• [Work task] Only the lines from the one containing "17 Three Tier" through the end of the listing are to be repeated, exactly and without pictures.

• [Data provided]
-*-

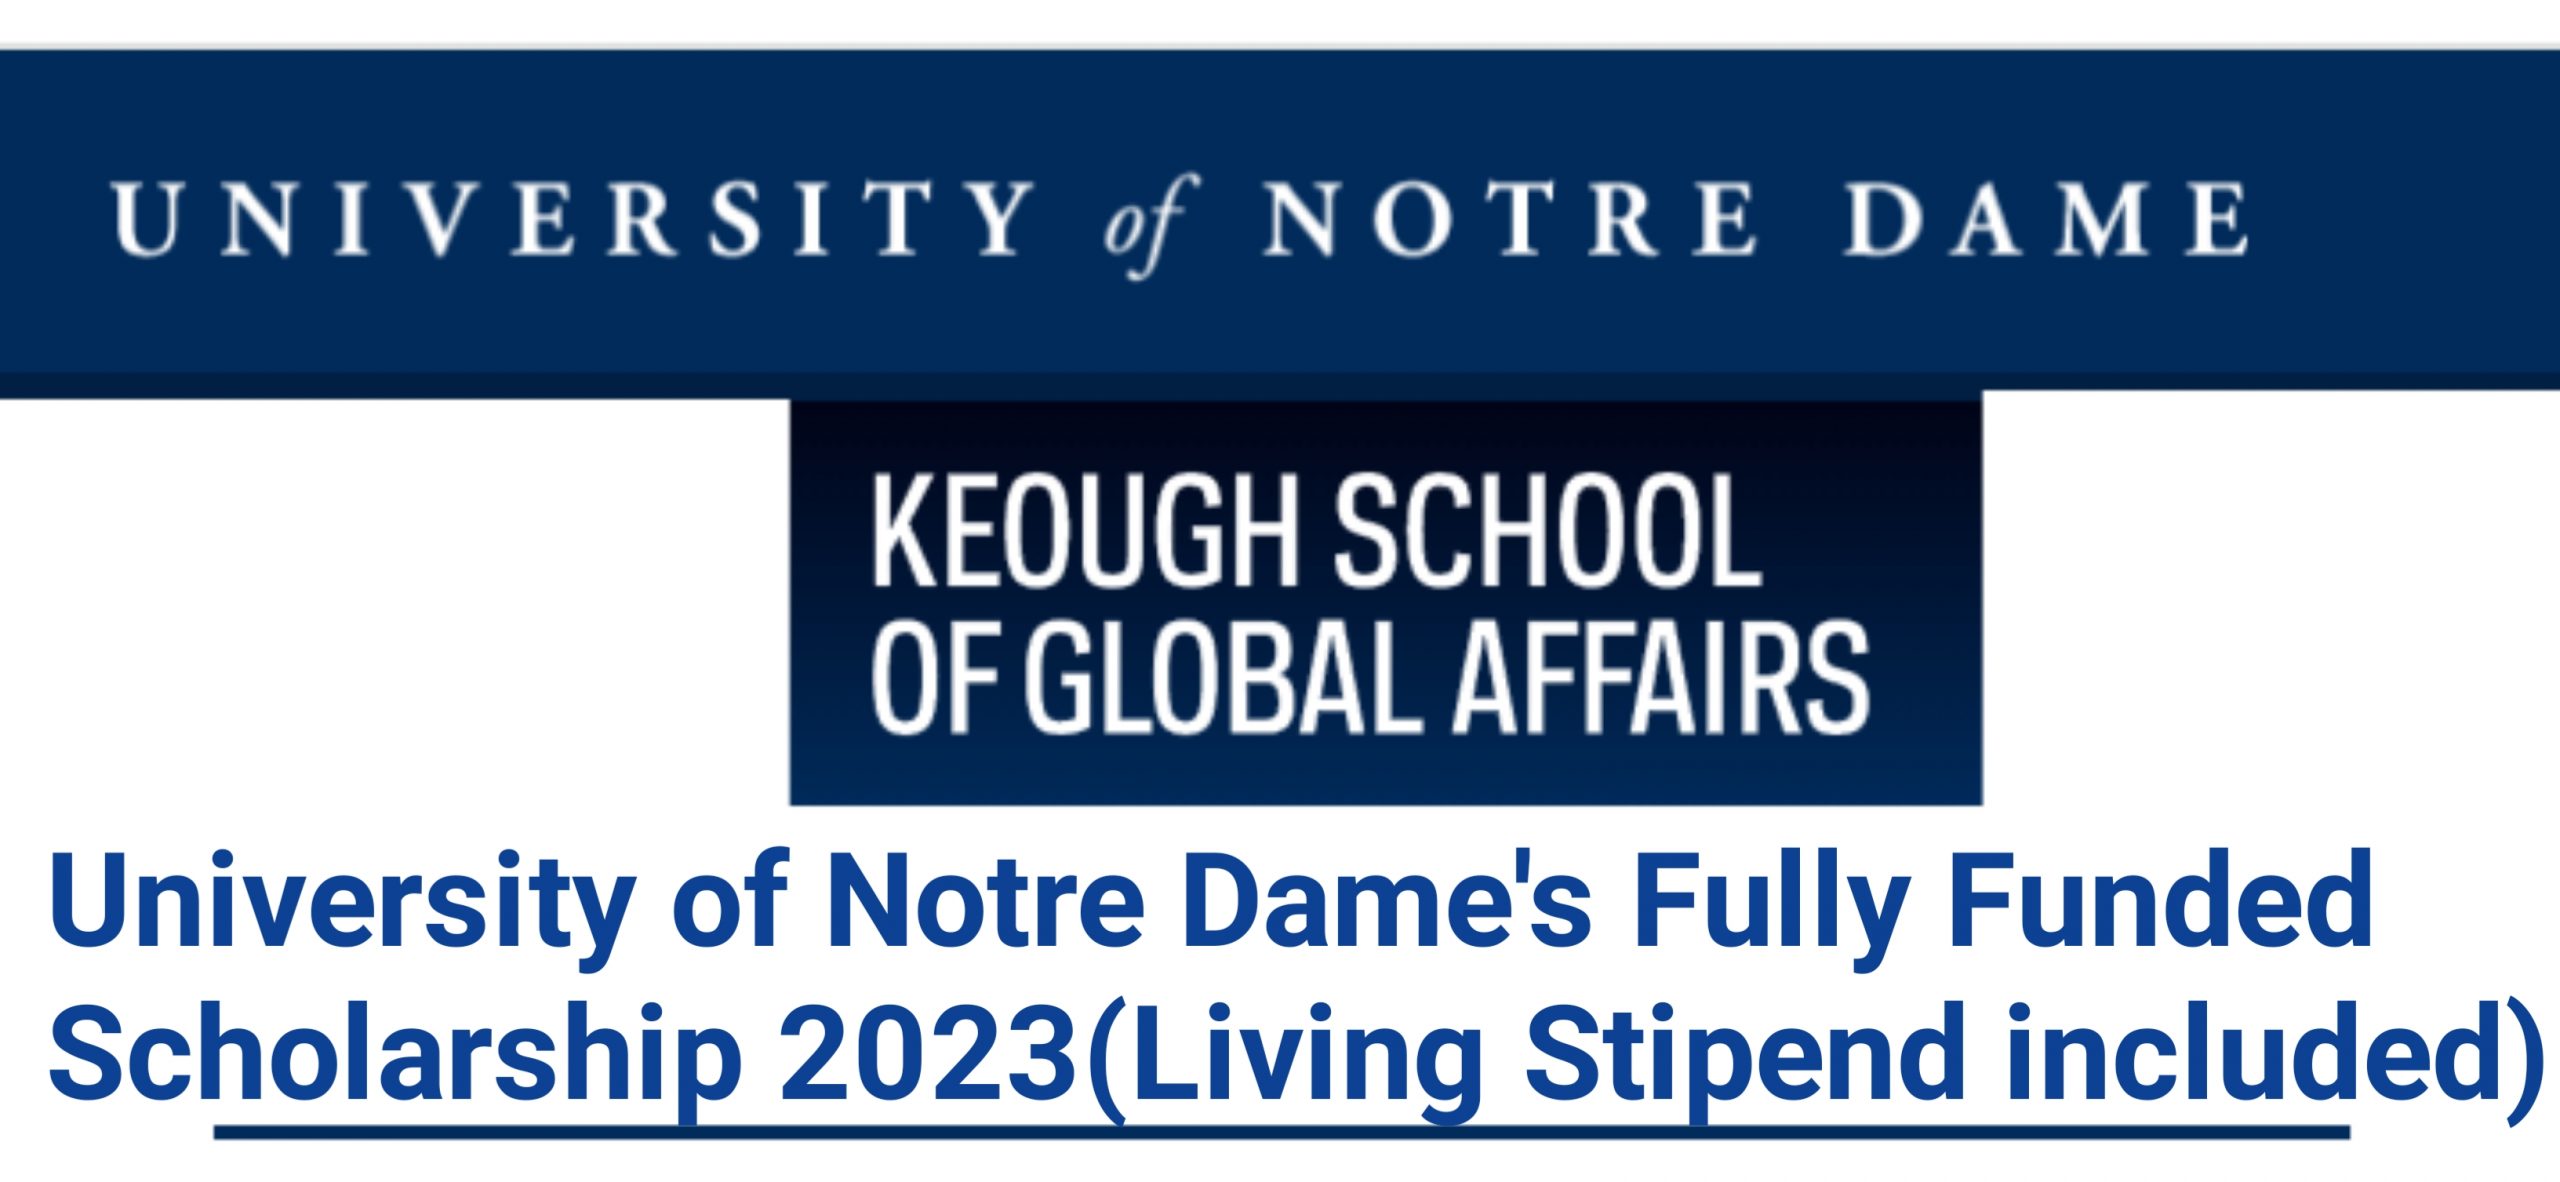 20220924 151742 scaled - University of Notre Dame's Fully Funded Scholarship 2023(Living Stipend included)
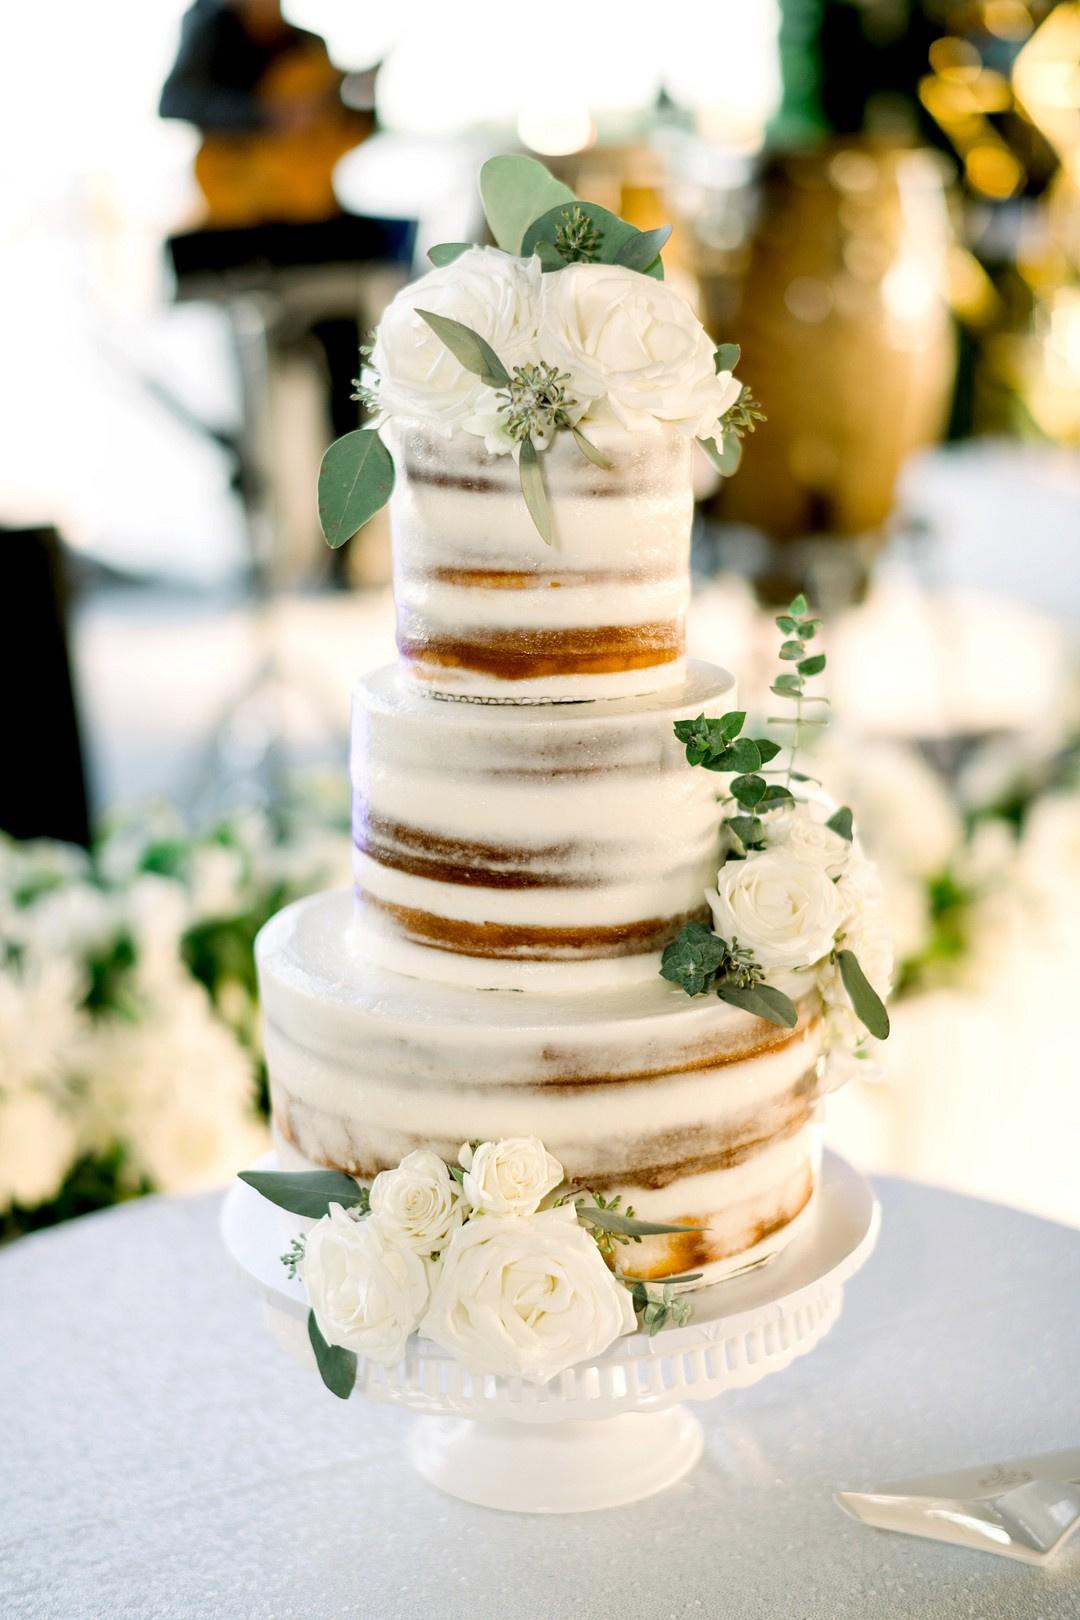 17 Three Tier Wedding Cakes That Make Show Stopping Desserts 
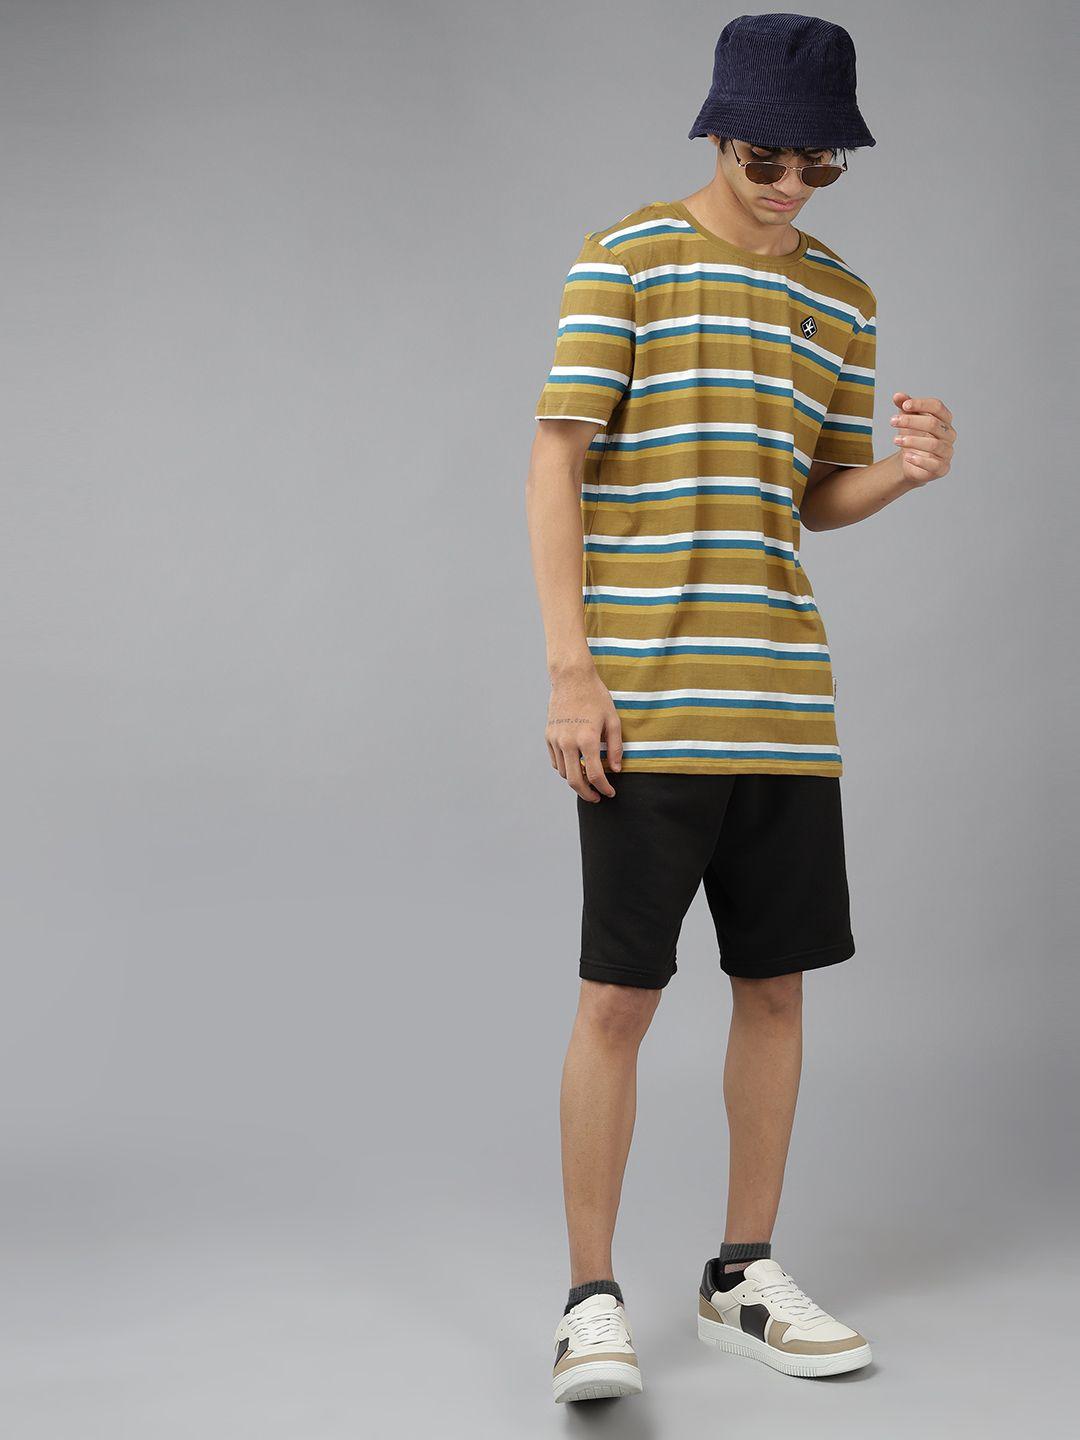 uth by roadster boys yellow & teal blue striped cotton t-shirt

-*-

• [Answer to this exercise]
 17 Three Tier Wedding Cakes That Make Show Stopping Desserts 
 uth by roadster boys yellow & teal blue striped cotton t-shirt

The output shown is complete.